A container is a process with restrictions applied by the kernel:

Normal process   →   Container process
     ↓                      ↓
Full filesystem  →   Mount namespace (restricted view)
All PIDs visible →   PID namespace (only sees its own processes)
Host network     →   Network namespace (isolated network stack)
All capabilities →   Dropped capabilities (reduced privileges)
All syscalls     →   Seccomp filter (blocked dangerous syscalls)
No cgroup limits →   Cgroup limits (CPU, memory, I/O)
Root UID = root  →   User namespace (UID 0 in container ≠ UID 0 on host)

Each layer is a defense. Remove any one, and you open an attack path.

Layer 1: Namespaces — What the Container Can See¶

Linux has 7 namespace types. Each one isolates a different kernel resource:

Namespace	Isolates	Kernel version
PID	Process IDs	2.6.24 (2008)
NET	Network stack (interfaces, routing, ports)	2.6.29 (2009)
MNT	Filesystem mount points	2.4.19 (2002)
UTS	Hostname and domain name	2.6.19 (2006)
IPC	Inter-process communication (shared memory, semaphores)	2.6.19 (2006)
USER	User and group IDs	3.8 (2013)
CGROUP	Cgroup hierarchy view	4.6 (2016)

What namespaces DON'T isolate¶

The container still shares the host's: - Kernel — same kernel, same vulnerabilities. A kernel exploit inside the container = host compromise. - /proc and /sys contents — /proc/meminfo, /proc/cpuinfo show HOST values, not container limits. This has caused countless JVM misconfigurations where the JVM reads host RAM (64GB) and sets its heap accordingly, while the container limit is 512MB. - Time — containers share the host clock. Changing the system time inside a container (if you have the capability) affects the host. - Kernel parameters — most /proc/sys/ values are global. A container that can write to them affects all containers on the host.

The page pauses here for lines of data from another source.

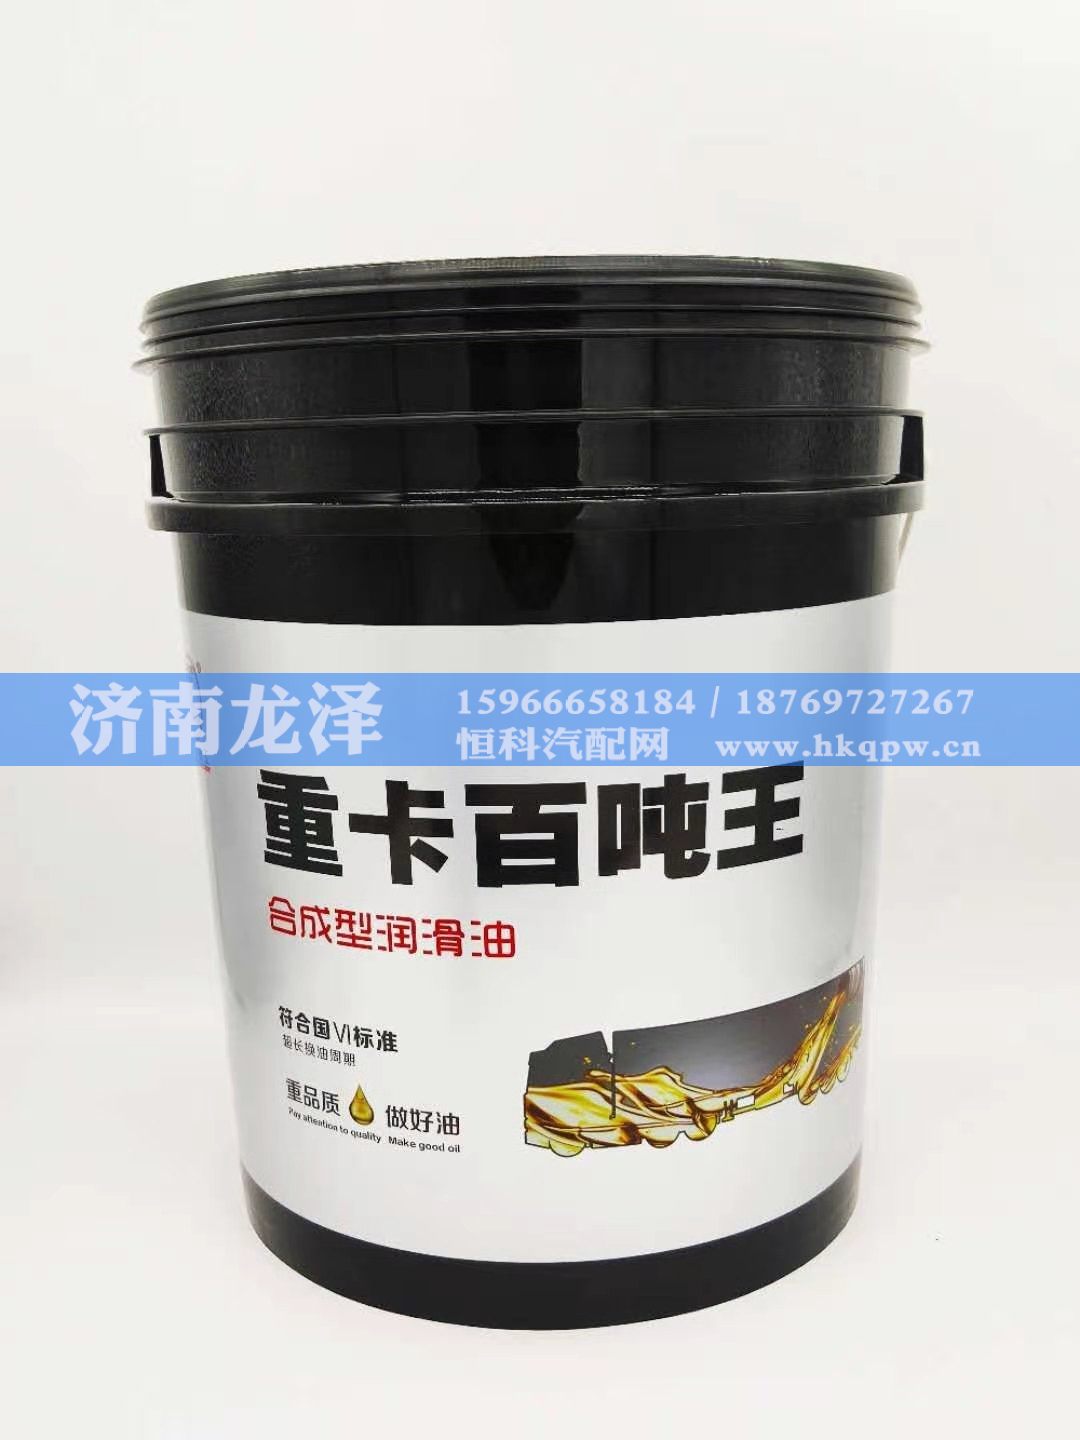 GL-5合成型润滑油/GL-5
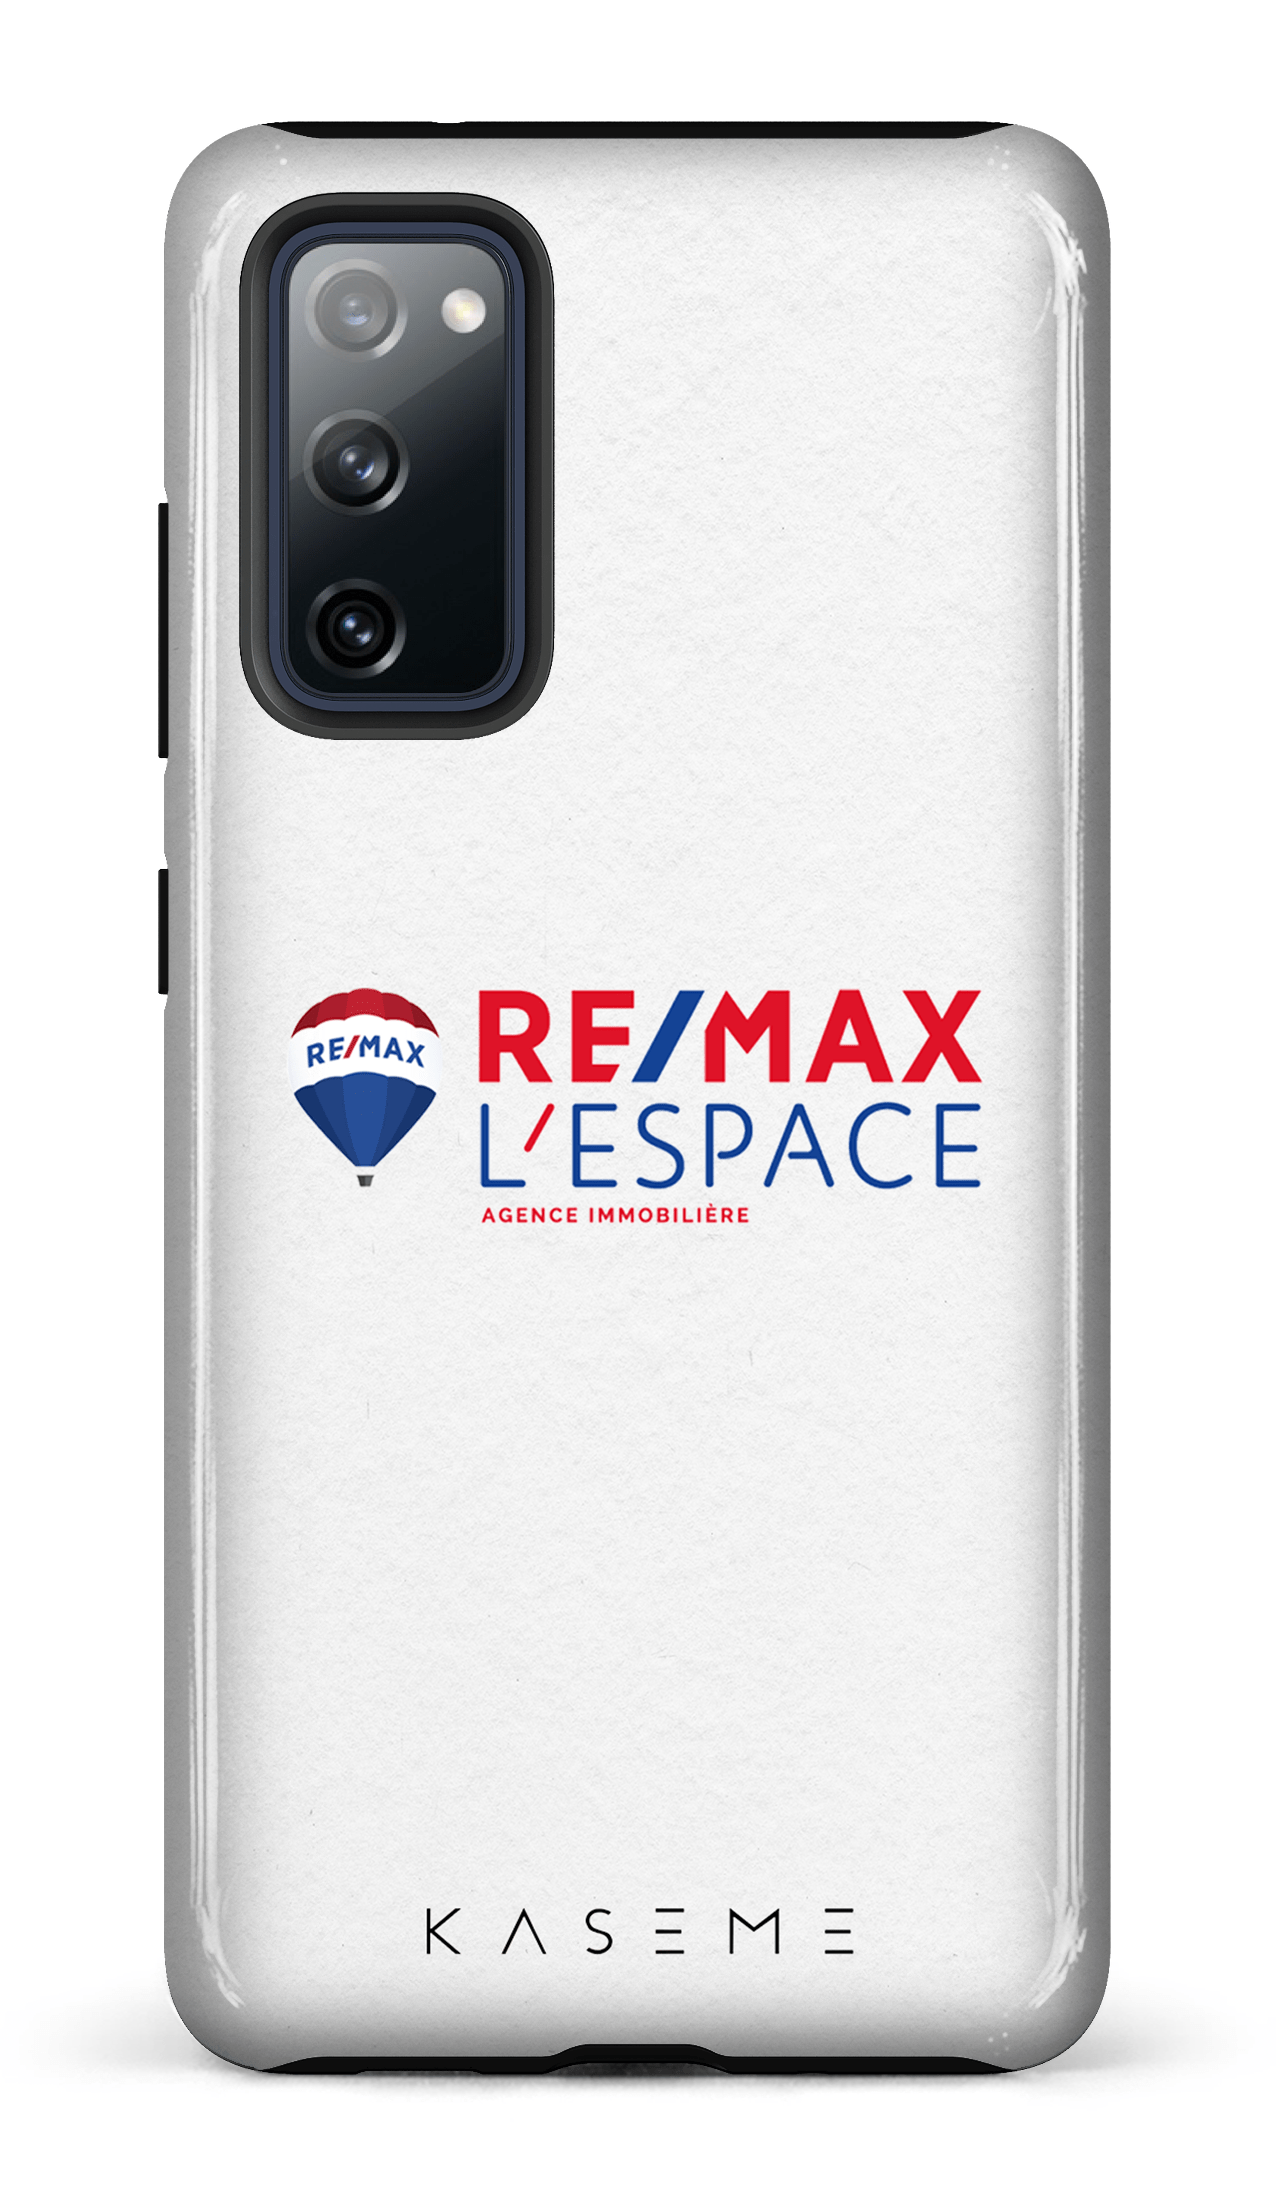 Remax L'Espace Blanc - Galaxy S20 FE
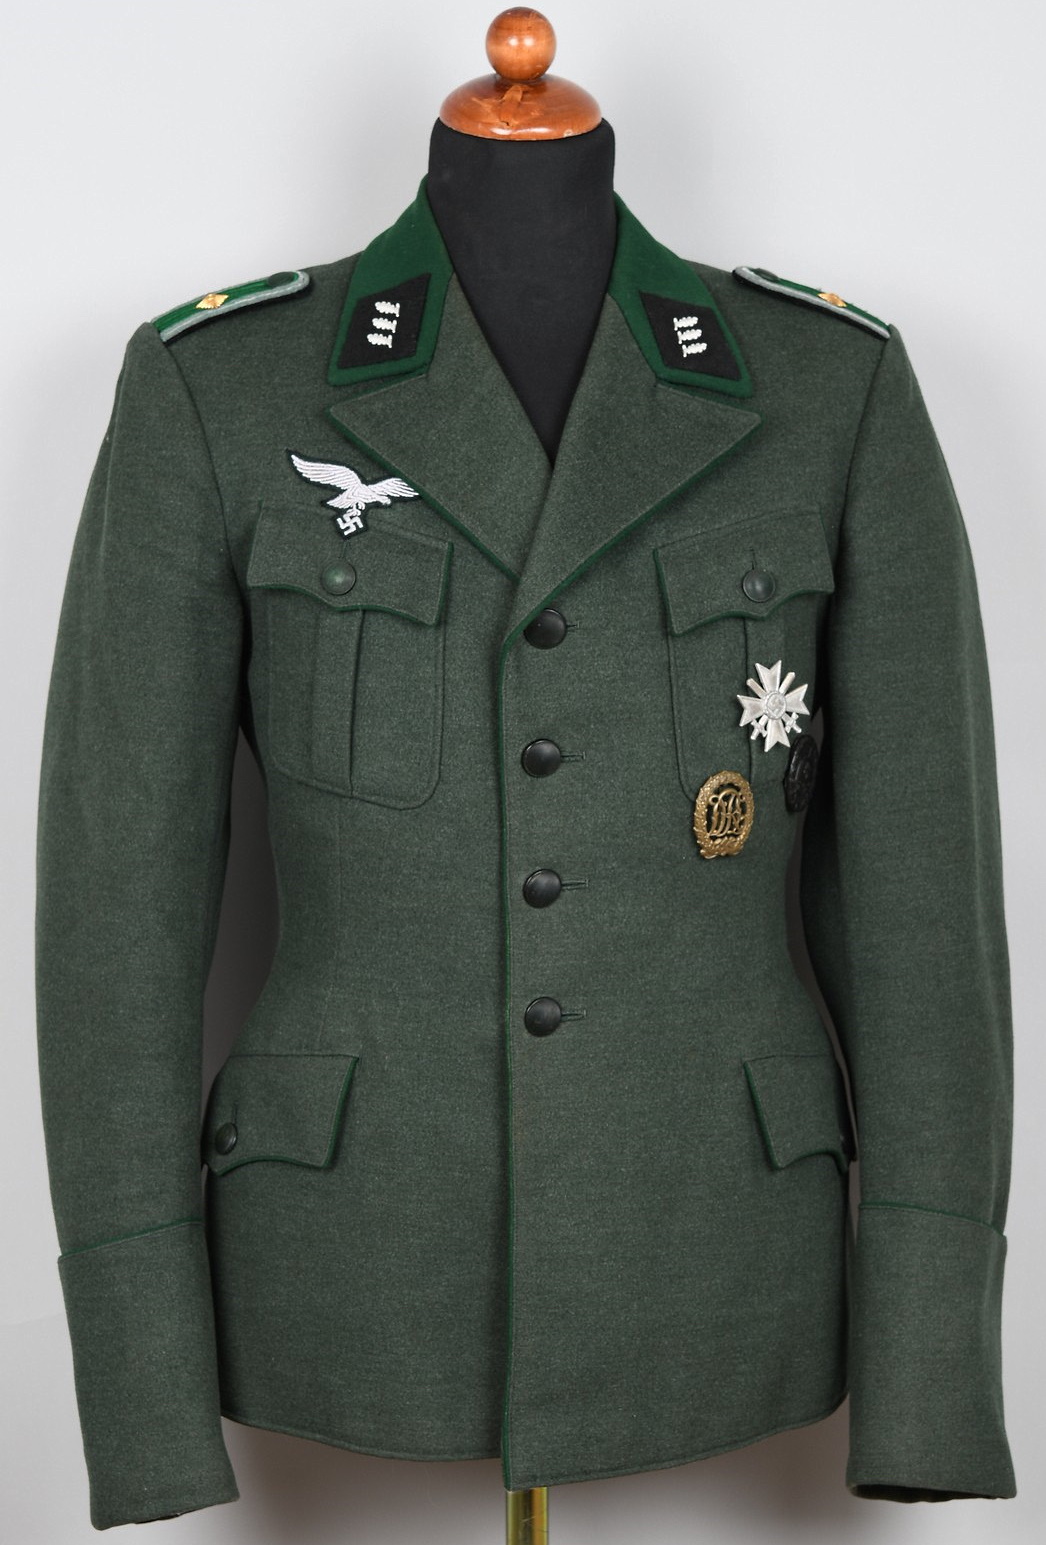 Luftwaffe Hilfsforster's Forestry Service Tunic
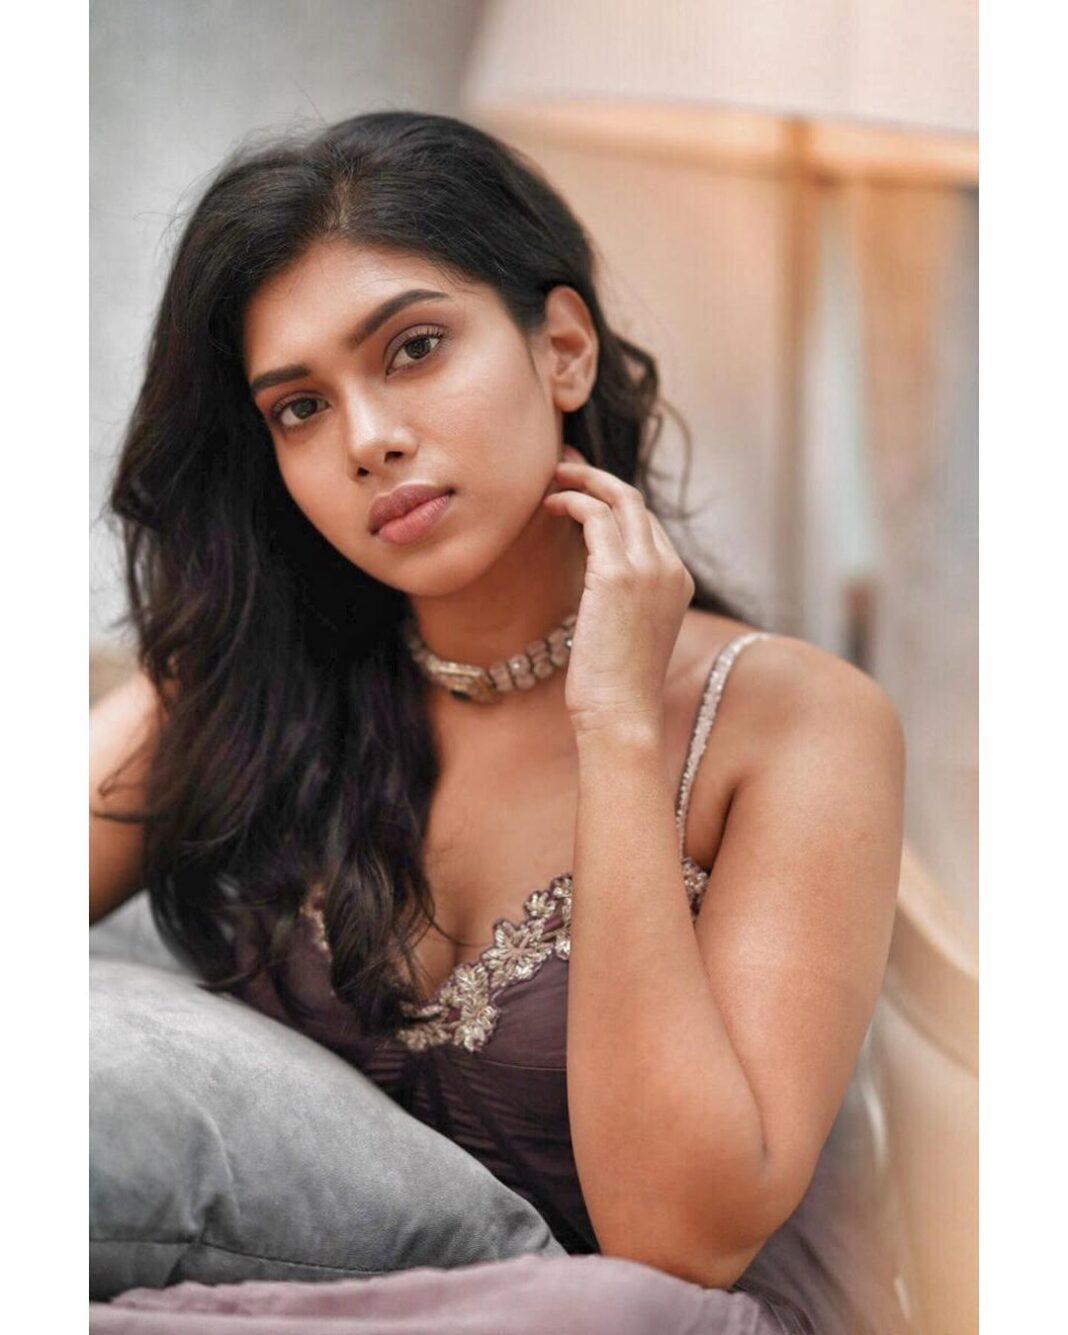 Dushara Vijayan Instagram - Shot by : @karthiksippy Outfit : @bandananarulaofficial Styling : @dushara_vijayan Makeup : @thewhimsicalbrushe Hair : @puii_c_ammy Accessories : @rimliboutique Location : @fikachennai www.dusharaofficial.com #dusharaofficial #actor #actress #model #indianmodel #indianactor #indianactress #fashion #design #photoshoot #indian #southindian #stylist #makeup #artist #fashionmodel #style #modeling Fika Chennai

# Inside a container — these show HOST values
cat /proc/meminfo | head -3
# → MemTotal:  65536000 kB   ← this is the HOST's RAM, not the container's limit

# The container's actual limit is in cgroups
cat /sys/fs/cgroup/memory.max
# → 536870912  ← 512MB (the real limit)

Gotcha: JVMs before Java 10 read /proc/meminfo for memory sizing. A JVM in a 512MB container on a 64GB host would try to allocate ~16GB of heap, get OOM killed instantly, and the error message was unhelpful. Java 10+ added container awareness via cgroup detection. Always use -XX:MaxRAMPercentage=75.0 or explicit -Xmx in containers.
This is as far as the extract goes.